Thursday, March 11, 2010

Confessions of a Naughty Mommy: How I Found My Lost Libido

January 1, 2010 by admin  
Filed under Resource

Comments

5 Responses to “Confessions of a Naughty Mommy: How I Found My Lost Libido”
  1. Raykeil is a fabulous writer and I enjoyed reading most of the book – right up to the part that she decides to “find” her lost libido. I could have told here where it was hiding…right under her baby that she decided to take to bed with her every night. She may not realize it, but the “cure” for her libido was her baby getting older than 2 and becoming more independent. No baby in bed, no baby at the breast (ok, any breastfeeding after 1 year old is just asking for issues from both mom and kid), no kidding you can start feeling like a separate person again. As a mom of two who really has been searching for her libido – not just myself – all I have to say to Raykeil about her discovery of her “lost” naughty self is…duh. I wish the millions of moms out there who feel sexy, love their husbands, want to desire to have sex and DONT sleep with their kids, but still can’t muster a sexual feeling found it as easy.
    Rating: 4 / 5

  2. M. Grabulosa says:

    This book is very witty. I very much liked the writing style. It’s perfect for long winter nights… It will probably be more popular with women than with men. Well priced.

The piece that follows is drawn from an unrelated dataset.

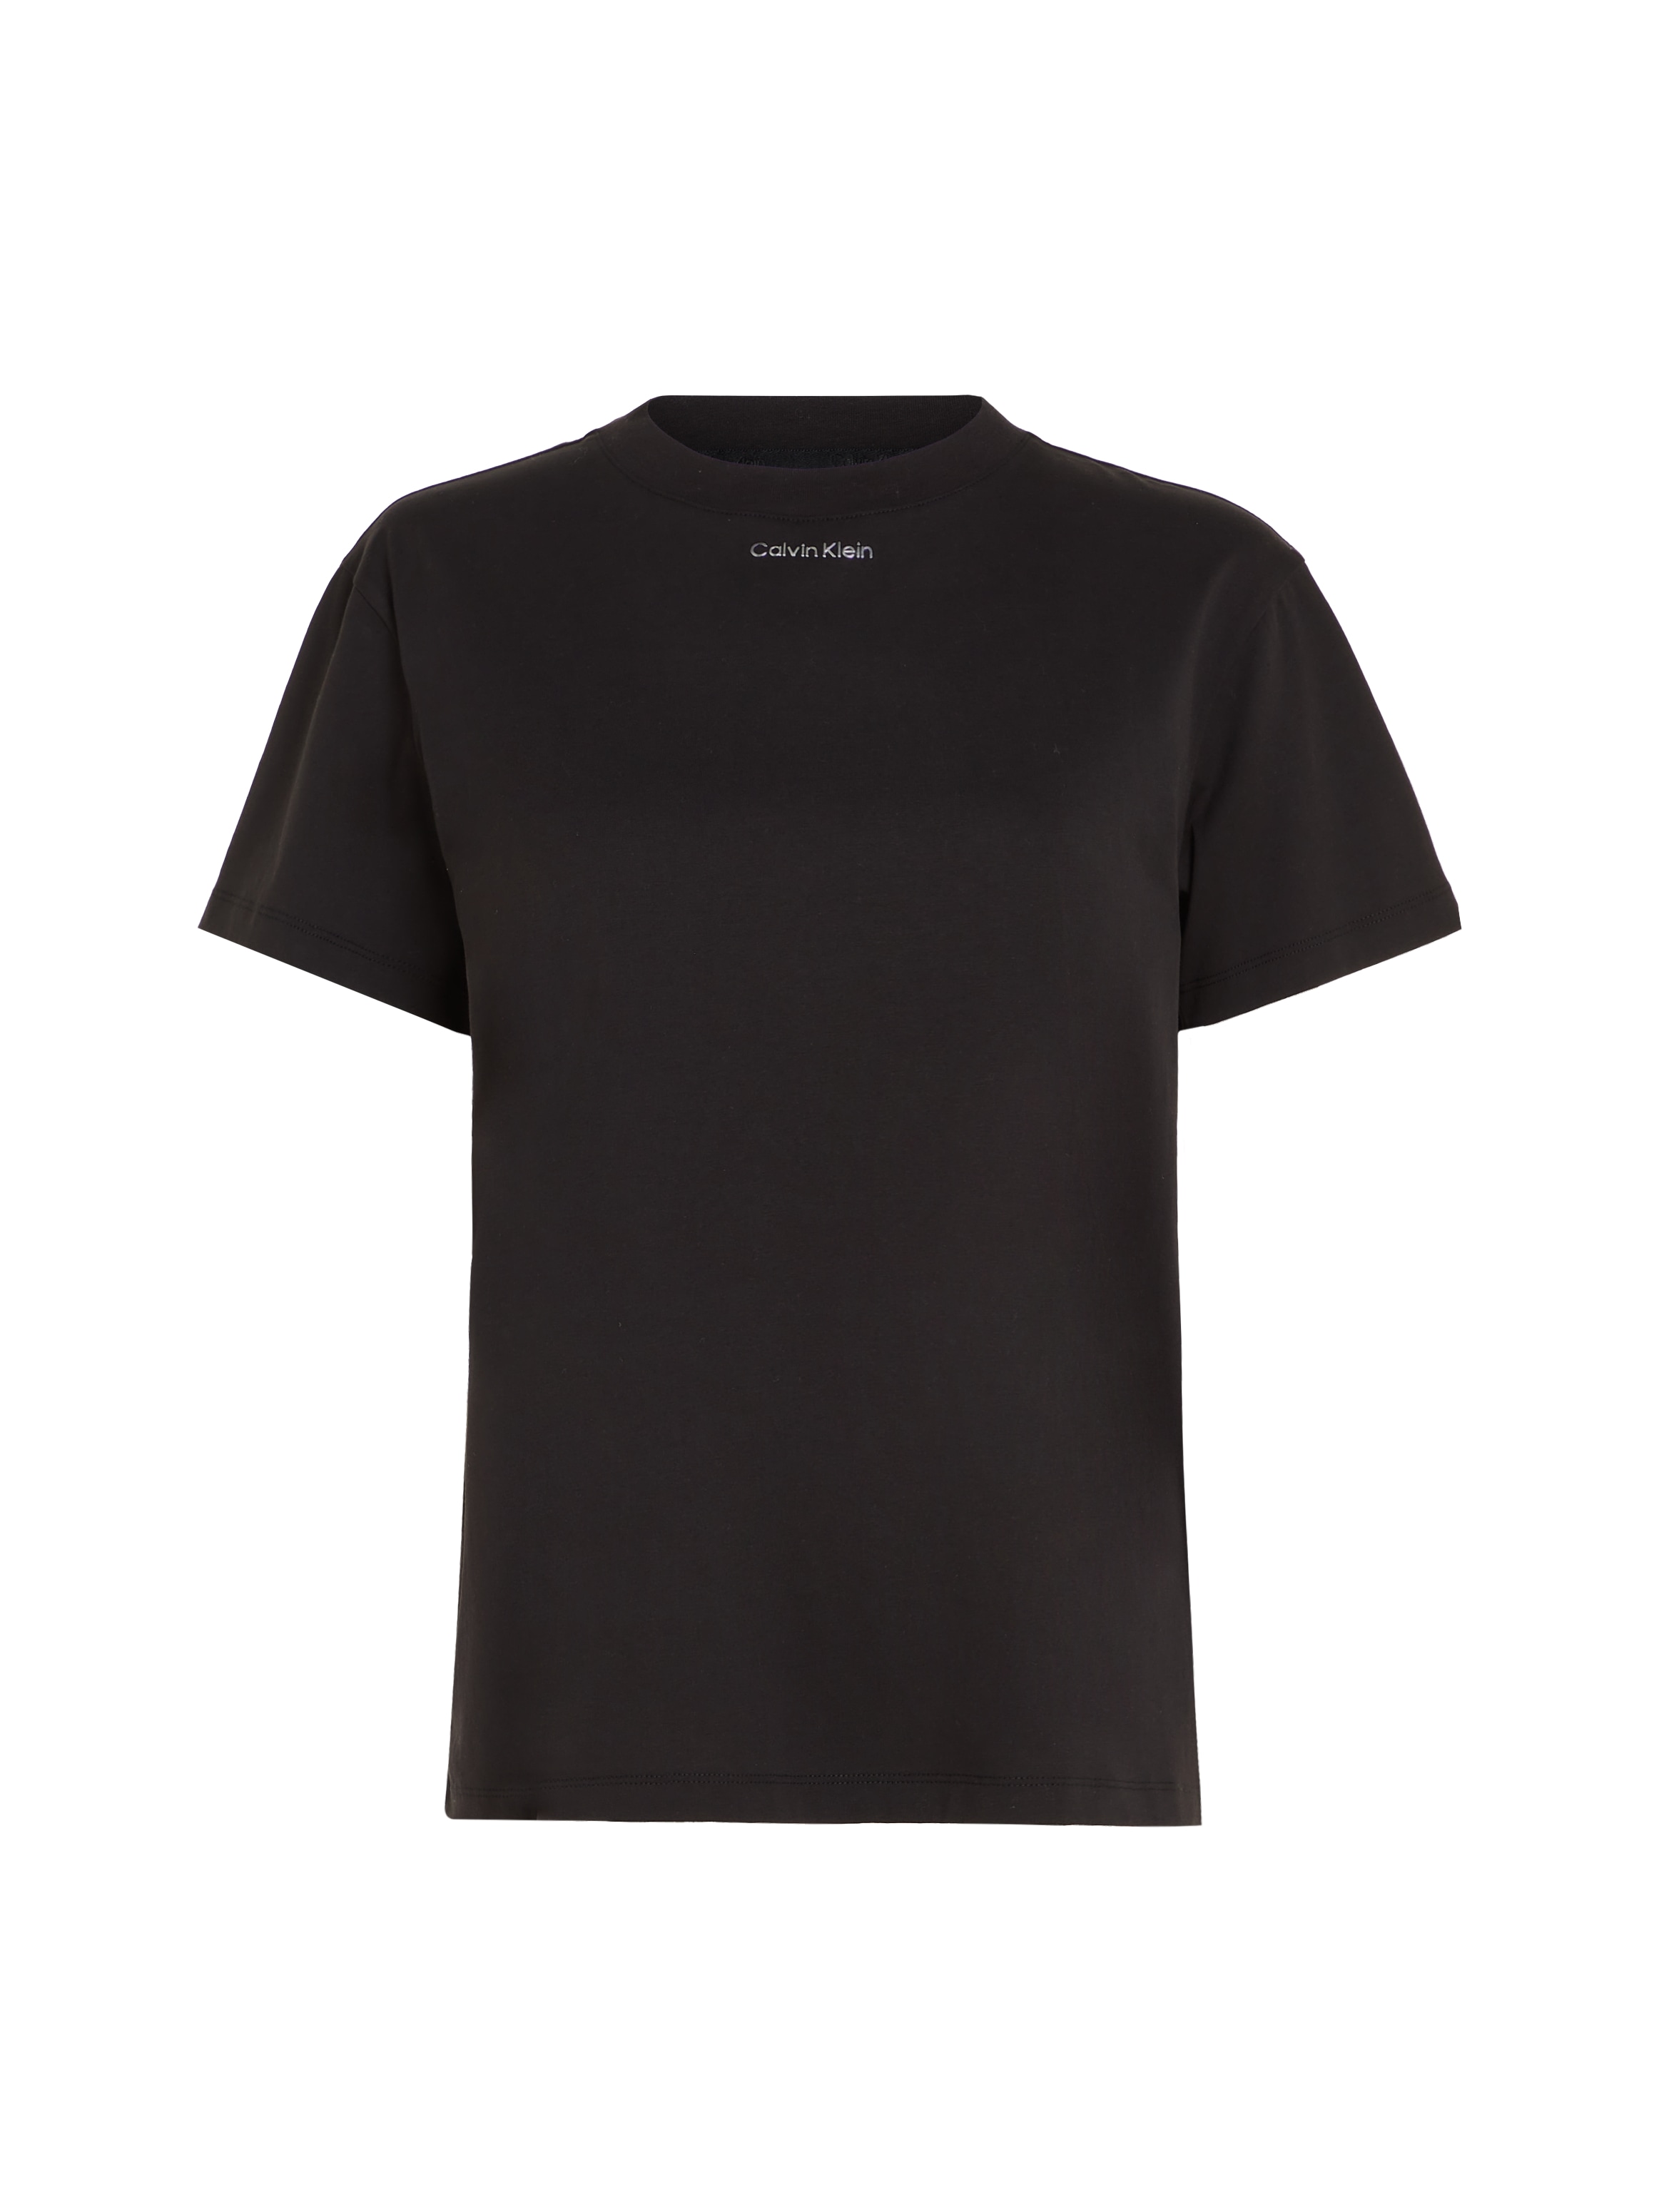 OTTO MICRO Klein Calvin T bei SHIRT« »METALLIC LOGO T-Shirt kaufen

    My other suggestions for winter nights include:

    Sexy Mamas: Keeping Your Sex Life Alive While Raising Kids

    Great Sex for Moms: Ten Steps to Nurturing Passion While Raising Kids

    The Complete Idiot’s Guide to Amazing Sex, Third Edition

    Rating: 5 / 5

  3. L. Winn says:

    I hope I get that libido back and keep it long long time. lol
    Rating: 5 / 5

  4. H. Gertzki says:

    It was honest, blunt and to the point. It shed light on alot of things that “housewives” feel. I like that in this modern day “sex” book, it focused on how honest we should be with our feelings. And it also showed that even if we are not “feeling” sexy or great about ourselves, it’s still important to try to see our partners point of view. Be honest, but not selfish. Be true to yourself, understanding that your partners feelings are important in that relationship. Also I liked that she spoke of the phases that we have in our lives, that the “mommy – prudish” stage, is only that…. a stage and that after the children get older, we can get the romance back into our relationship.
    Rating: 4 / 5

  5. Cecilia says:

    I loved this book! A person really can relate to the character in the book. Many of us just get so overwhelmed with the demands of parenthood that it is impressive how many families actually go on to have more than one child! The book does not offer a clear solution, but it is rather a diary of one woman’s journey to revive her sexy self. It ends a bit unresolved, but leaves plenty of possibilities for one’s own resolutions.